- [WHAT YOU SHOULD DO]: In full and word for word, copy the listing; no pictures belong in the copy.

- [DATASET EXCERPT]:
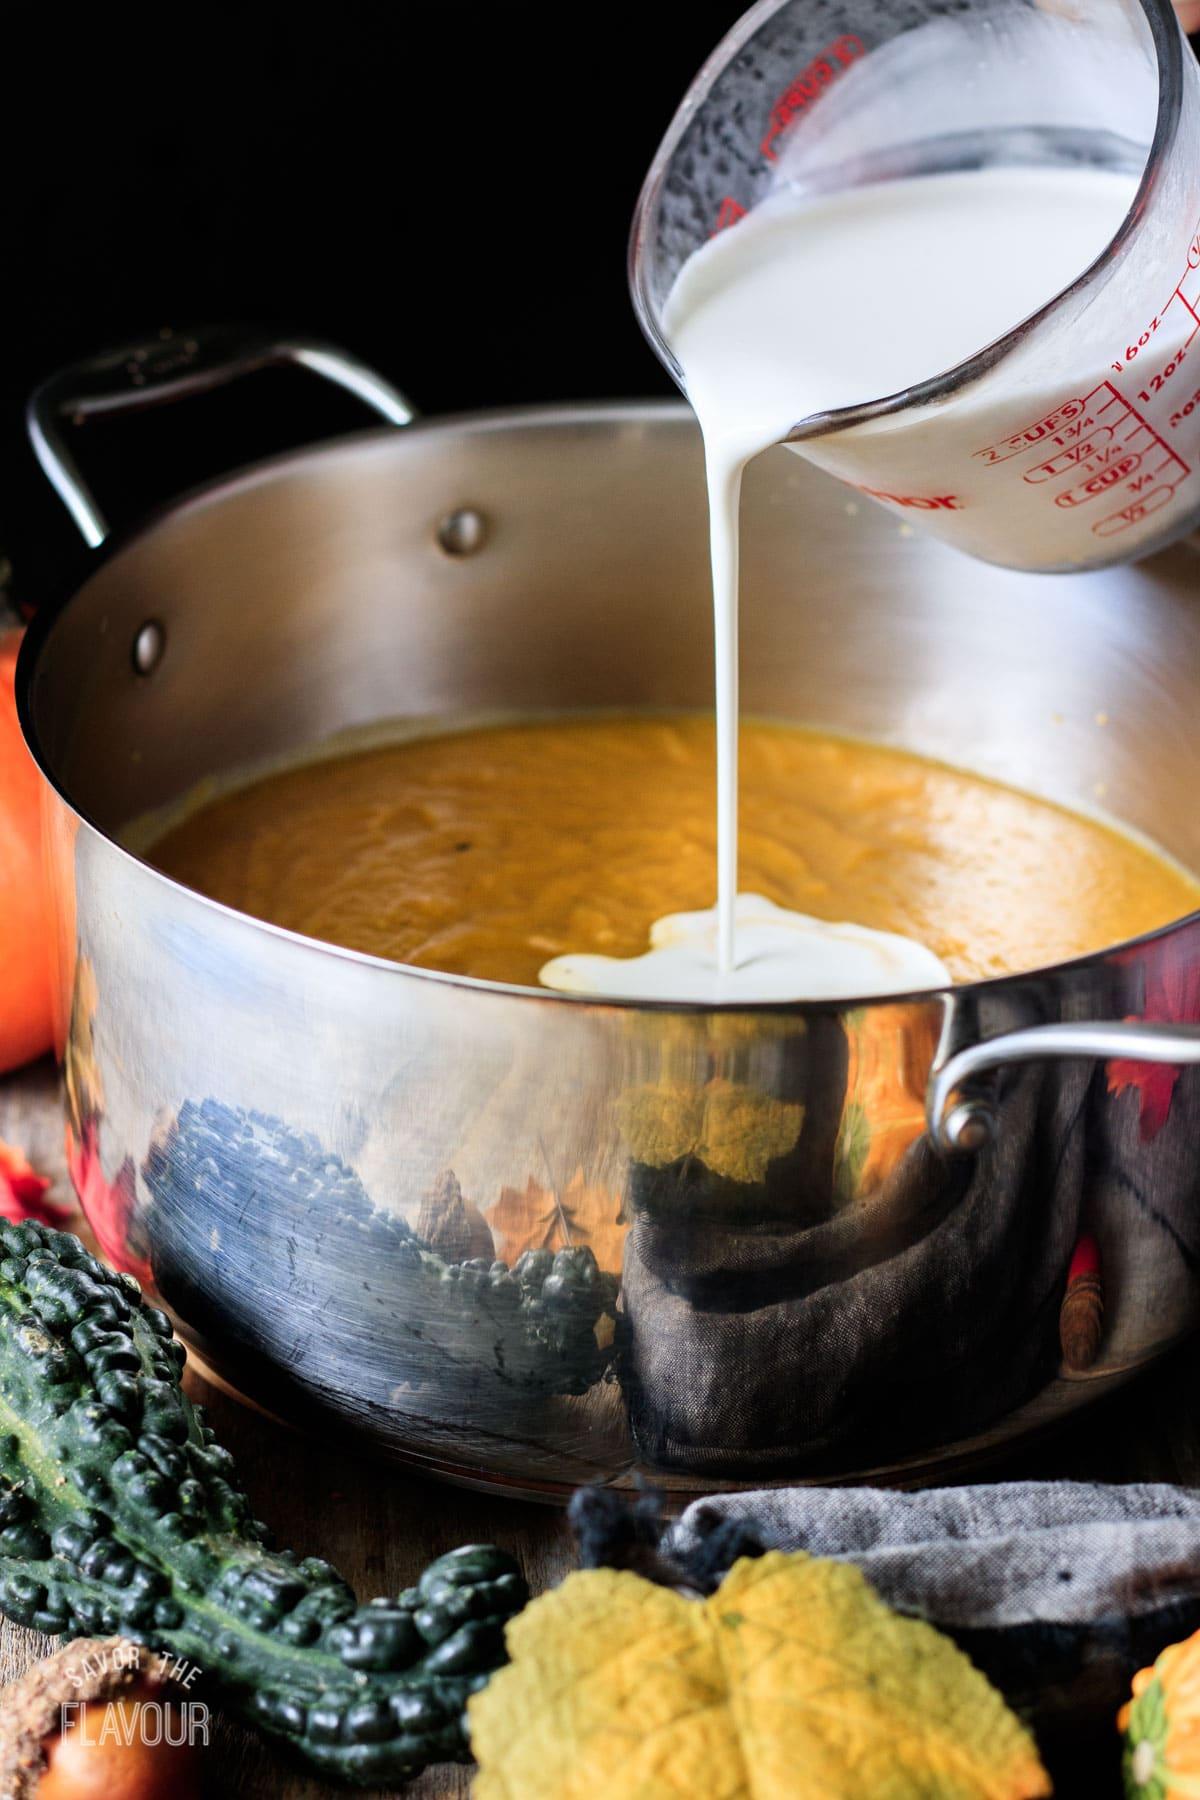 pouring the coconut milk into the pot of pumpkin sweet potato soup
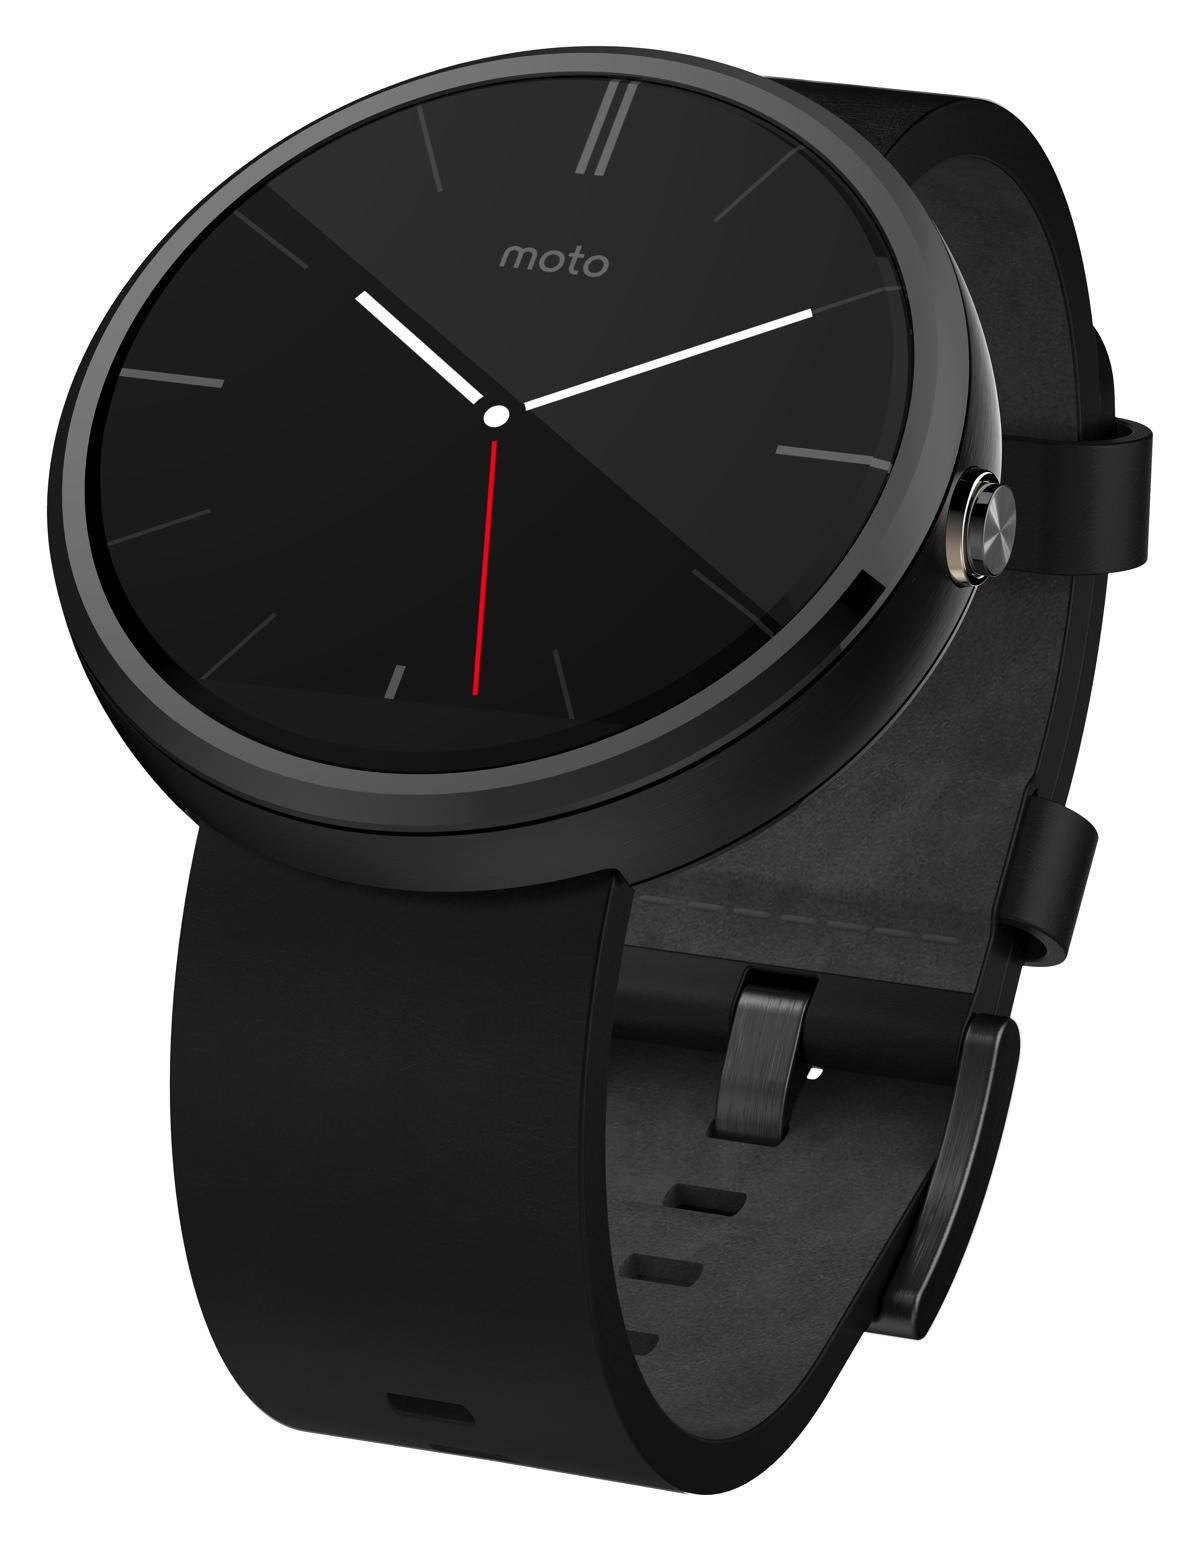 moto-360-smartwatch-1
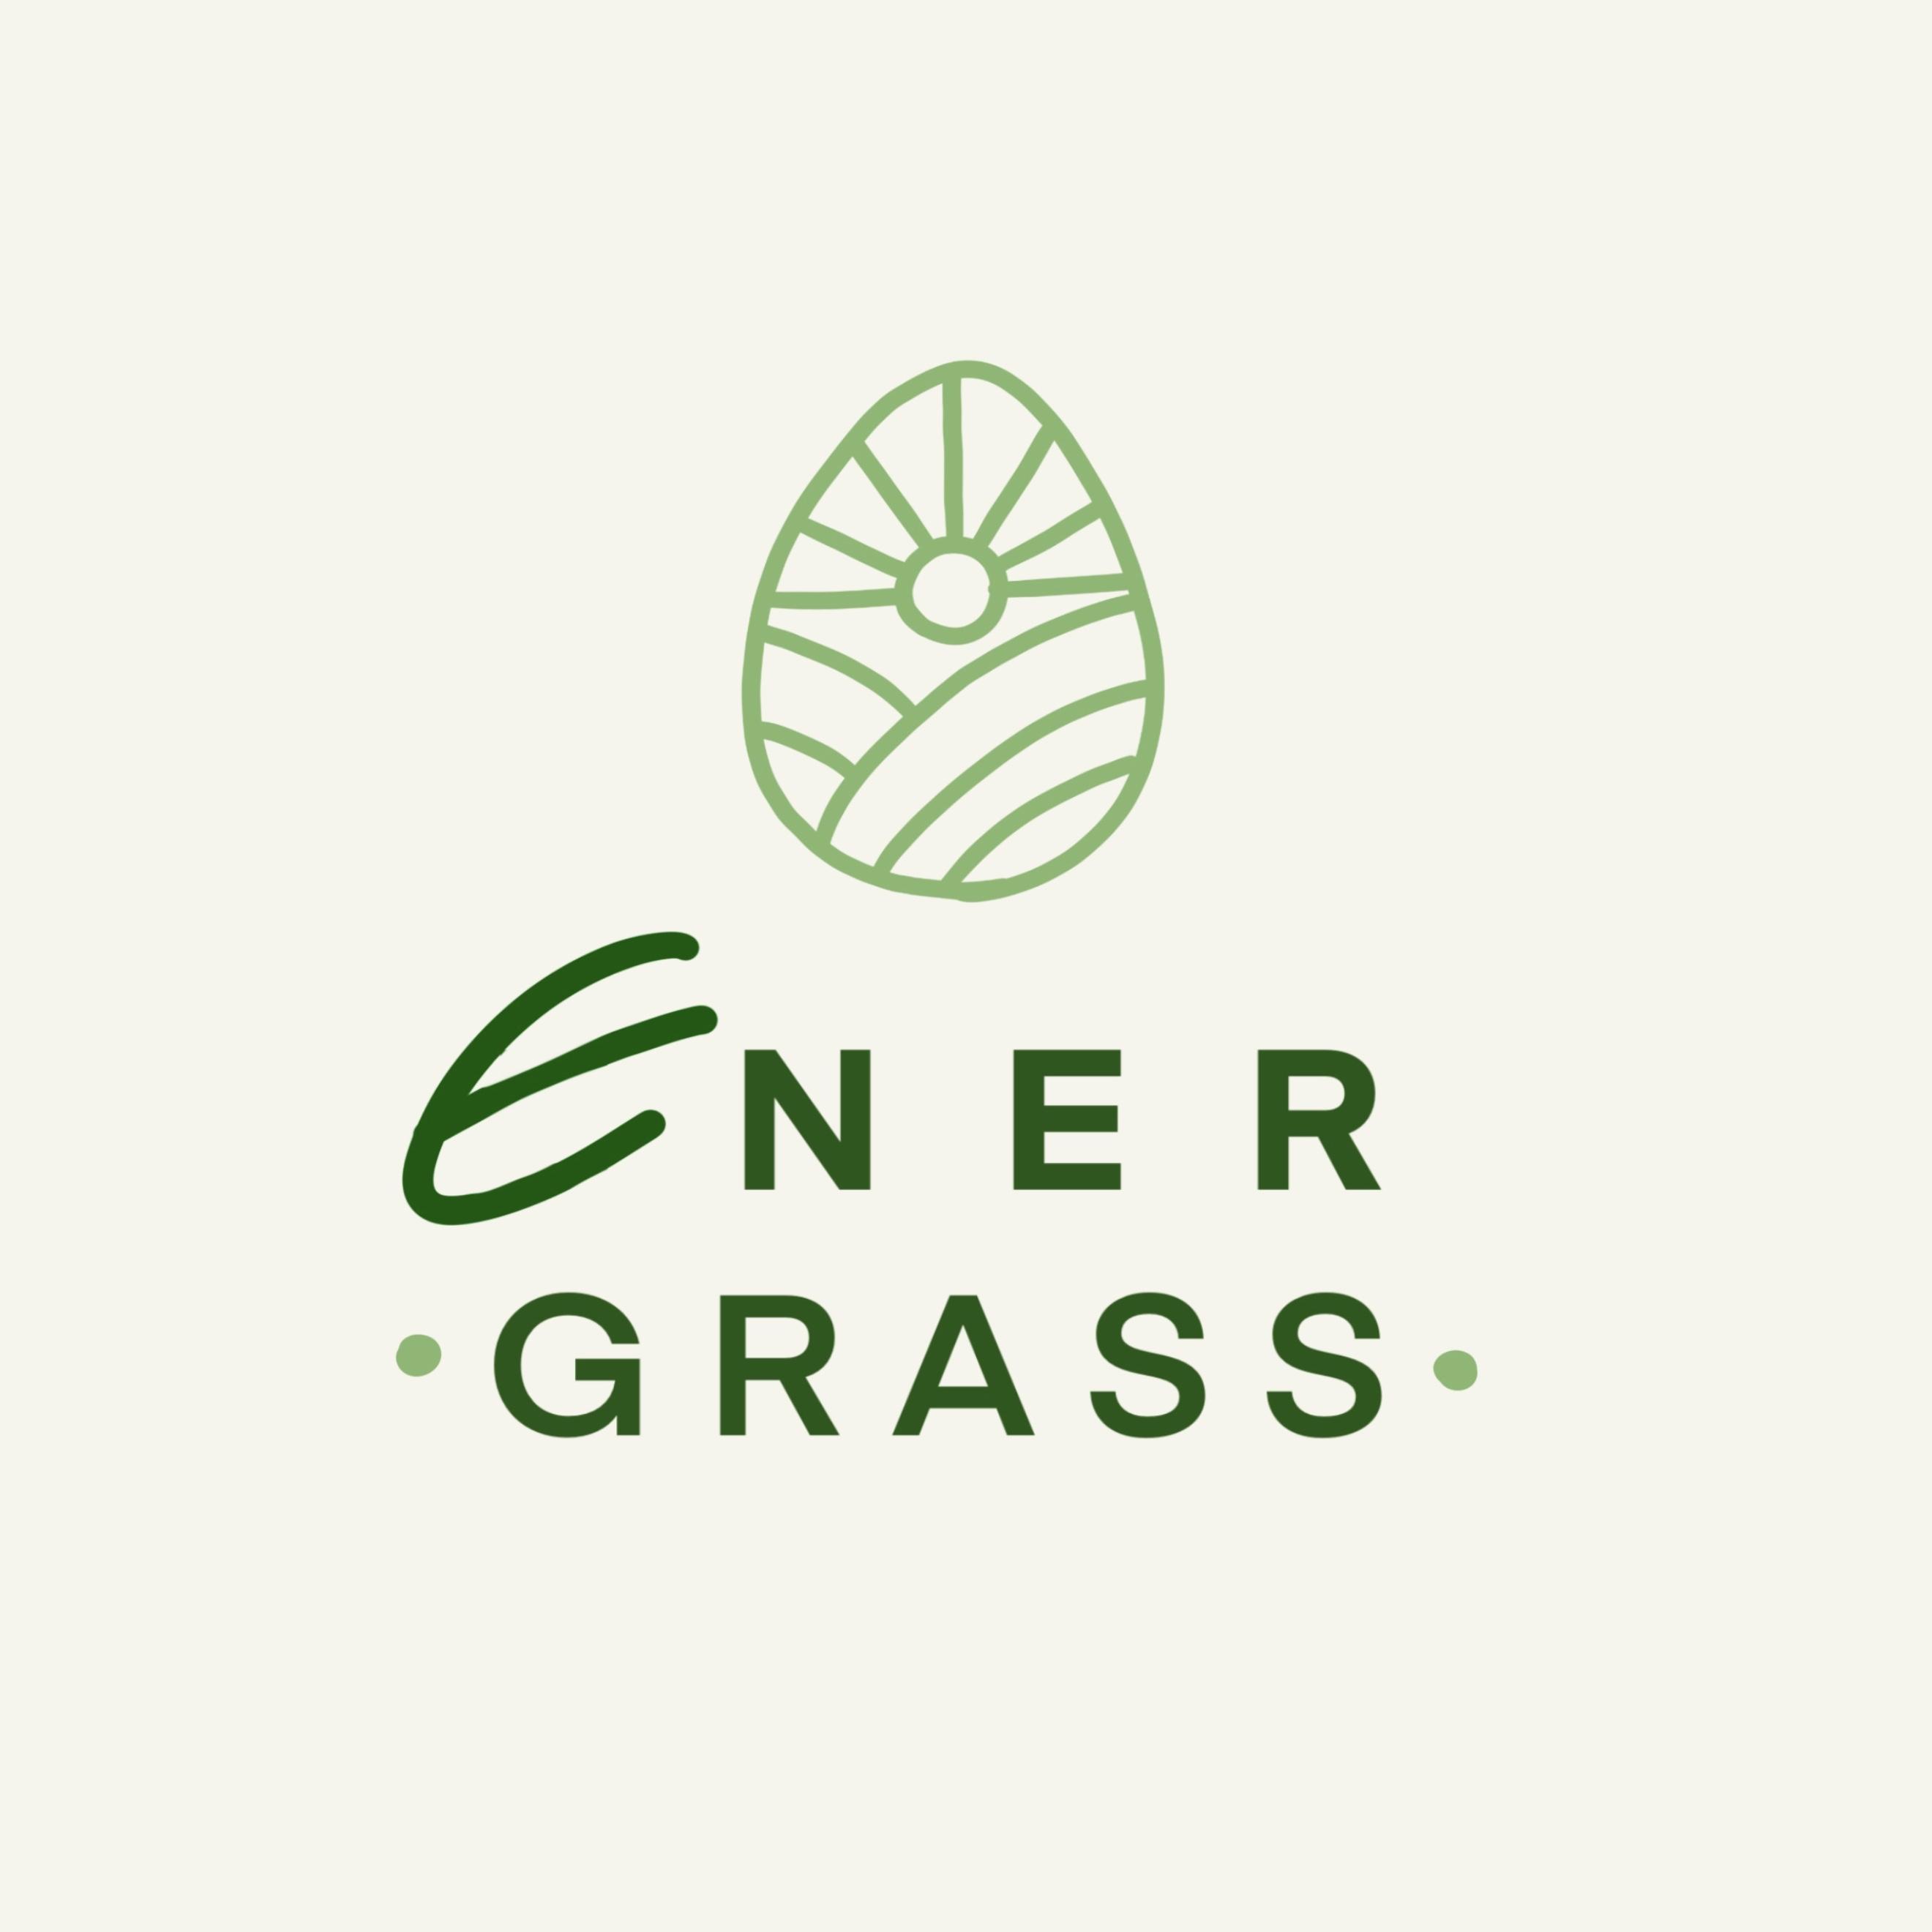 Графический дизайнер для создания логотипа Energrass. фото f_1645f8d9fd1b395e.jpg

- [REPLY]:
 pouring the coconut milk into the pot of pumpkin sweet potato soup
 moto-360-smartwatch-1
 Графический дизайнер для создания логотипа Energrass. фото f_1645f8d9fd1b395e.jpg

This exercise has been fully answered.